I decided to come up with a puzzle for my friends at lunch today, and it seems to be much more complicated then I would have ever imagined. Here's the puzzle:
A rook is located at the top left corner of a $4\times4$ chessboard, as shown (image 1).
At any given point, the rook only has two legal moves:
- Move down 1 square
- Move right 1 square
The rook cannot move diagonally. The rook cannot move up or left.
Here's the puzzle: how many distinct paths can the rook take to get to the bottom right corner (Point A)?
I quickly realized that counting all the paths would work, but it would be a pain to keep track of all of them. So I spent a lot of time confused, but after a while, I found a pretty elegant solution (image 2).
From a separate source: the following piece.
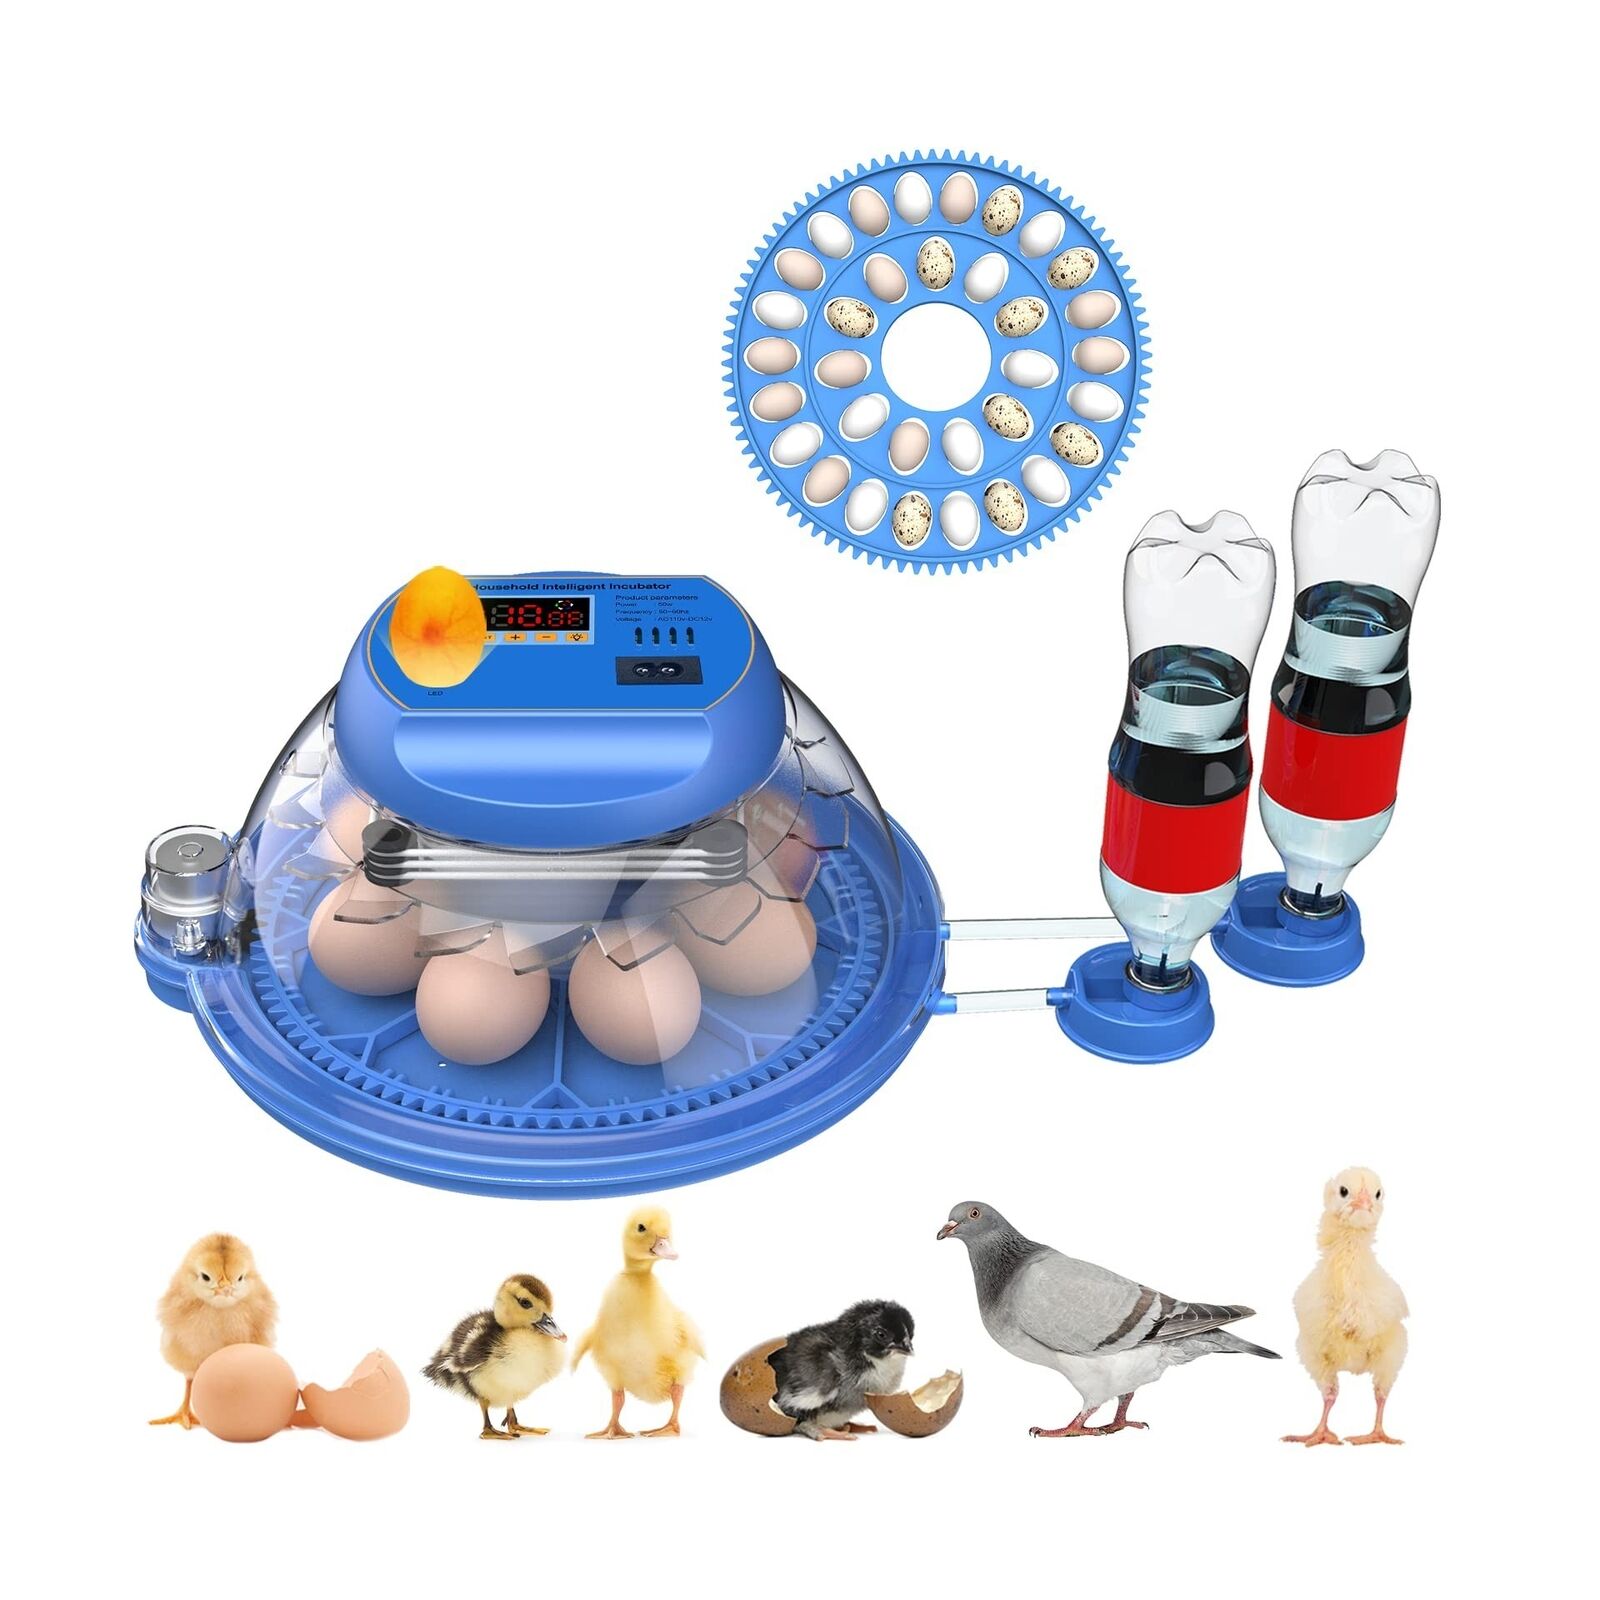 8-33 Eggs Incubator for Hatching Eggs, Double Egg Chicken Duck Goose Pigeon Q...

All of the paths (that the rook can take) must pass through exactly one of the following points: $B, C, D$, or $E$ (see image). And so tracking all of the paths gets much easier – you just have to add up the valid paths that pass through each letter.
Only 1 path can pass through B – since the rook has to hug the wall to get to Point B. And by symmetry, only 1 path can pass through E. Point C gets a bit trickier. From the rook's starting position, the rook has 3 ways to get to C – and from C, the rook has $3$ ways to get to $A$. So we multiply $3\times 3$, so we have 9 paths through C. And by symmetry, we also have 9 paths through D.
So in total, for a 4x4 board, we have 20 valid paths from the top left corner to A.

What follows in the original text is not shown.